Литмир - Электронная Библиотека

Андрей Исаев нашел во мне благодатный объект агитации, быстро разрушив его многопартийные иллюзии (две партии также будут бюрократическими). Для того чтобы начать разговор на «запретные темы», годился любой повод, любая тема, обсуждавшаяся на занятиях.

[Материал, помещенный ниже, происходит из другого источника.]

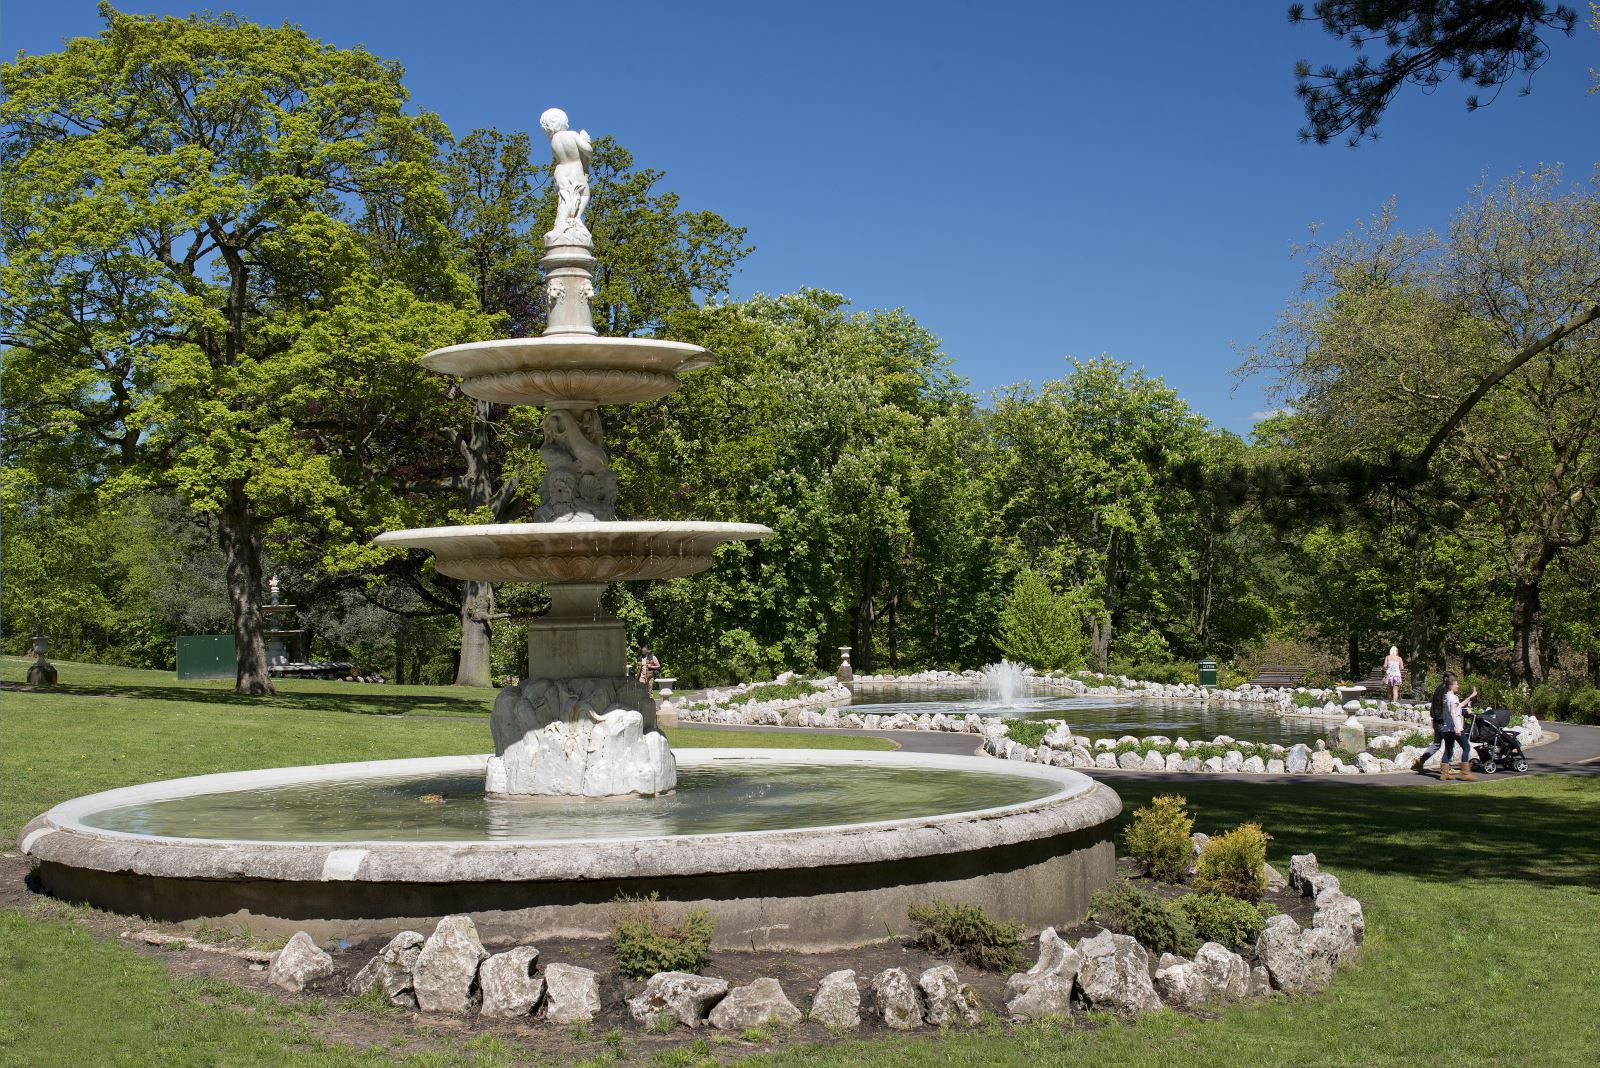 Cliffe Castle Park, Keighley Fountain

Вспоминает А. Исаев: «Как я тебя вовлекал в подпольную работу? Да ты начал вовлекаться сам. У нас разгорелась дискуссия о „Государстве и революции“ Ленина. Мы шли по улице, и на какое-то мое замечание об этой вещи ты ответил: „Ну, „Государство и революцию“ вообще можно воспринимать как антисоветское произведение“. На что я подумал: „Ого, чувак мыслит в нужном направлении. Нужно продолжать вести с ним разъяснительную работу“. После чего мы разговаривали где-то две недели, в основном на станциях метро. После чего я тебе сказал, что есть такая подпольная организация. Но тебя тогда волновала не столько организационная форма, сколько теоретическая дискуссия». Организационная форма тоже интересовала, но не подпольный кружок, а что-то более существенное.

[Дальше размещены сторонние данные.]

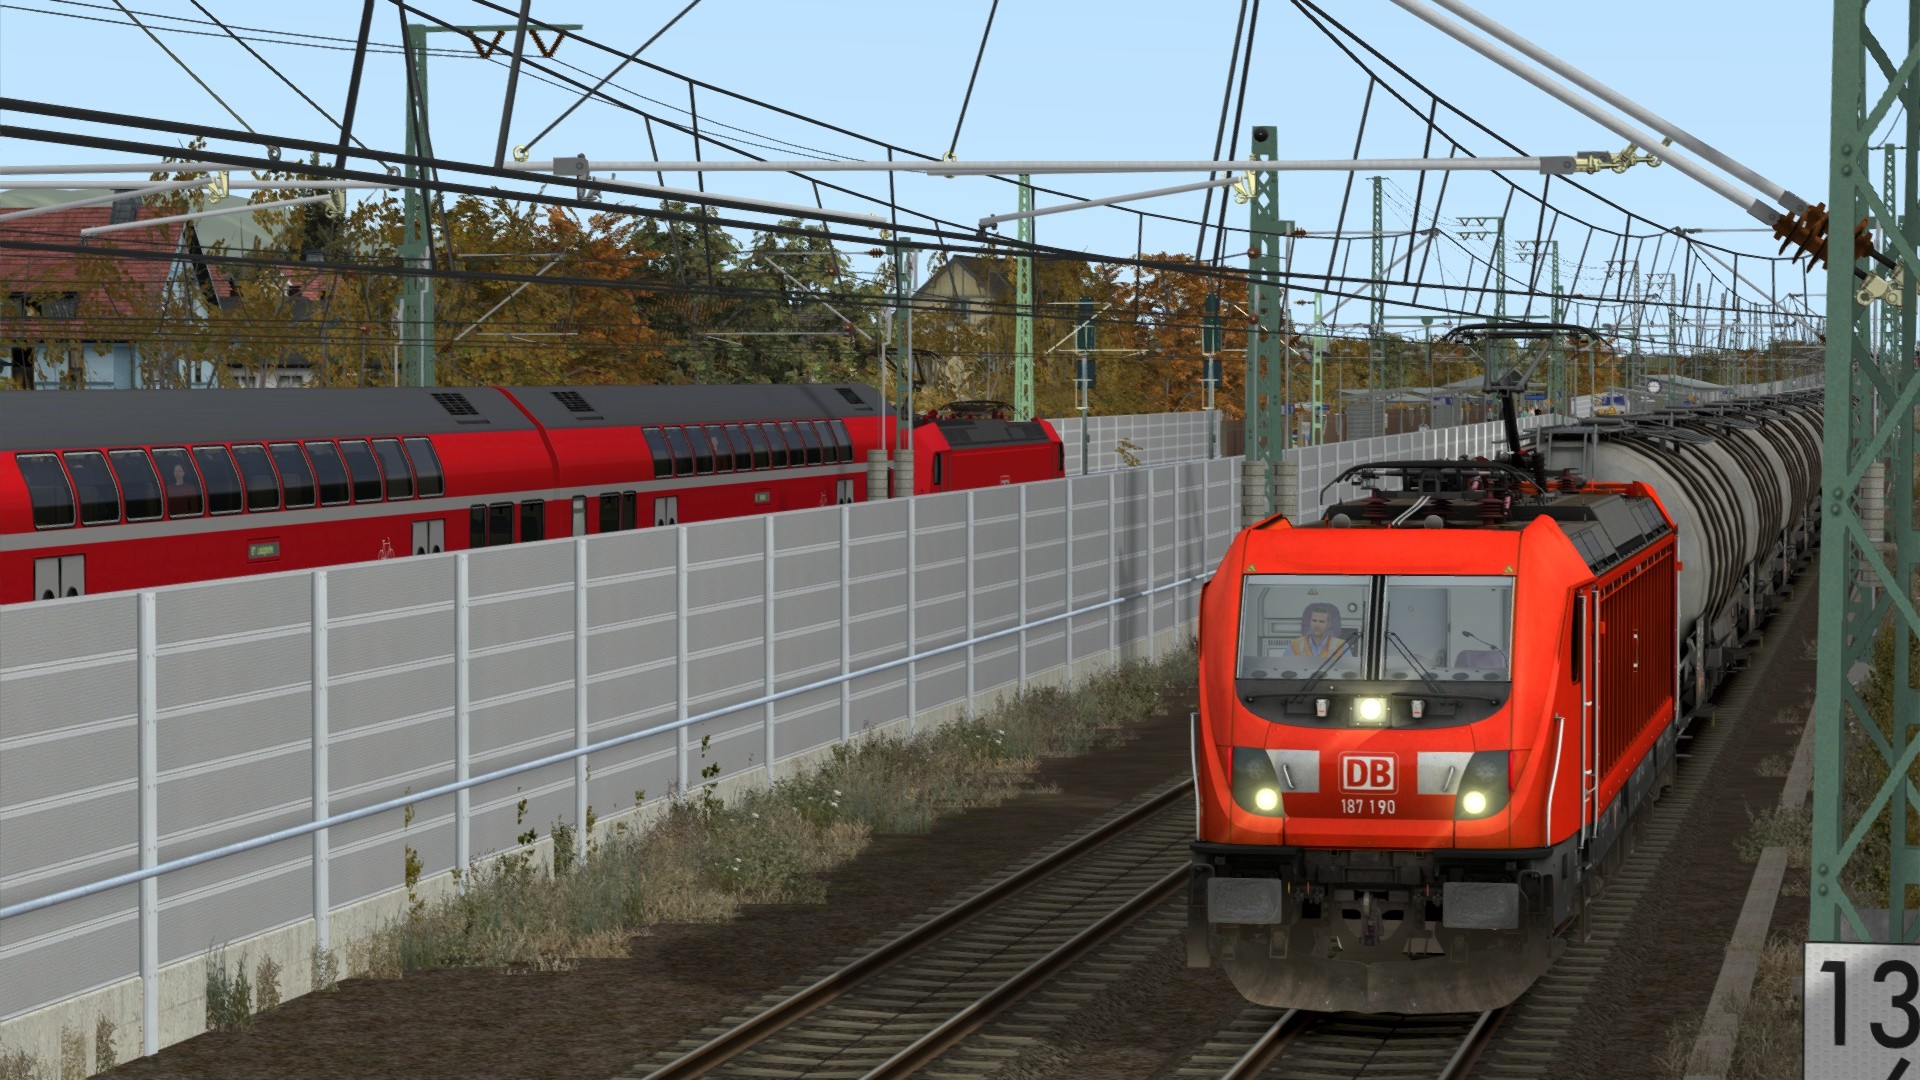 Train Simulator: DB BR 187 Loco Add-On on Steam

Несколько позднее из армии вернулся еще один будущий участник кружка В. Гурболиков. Он придерживался марксистско-ленинских взглядов, но с интересом относился к восточной культуре и религиозным поискам таких мыслителей, как Лев Толстой и Леонид Андреев. К тому же он побывал в Северной Корее, и потому был кладезем информации о крайних проявлениях марксистской практики.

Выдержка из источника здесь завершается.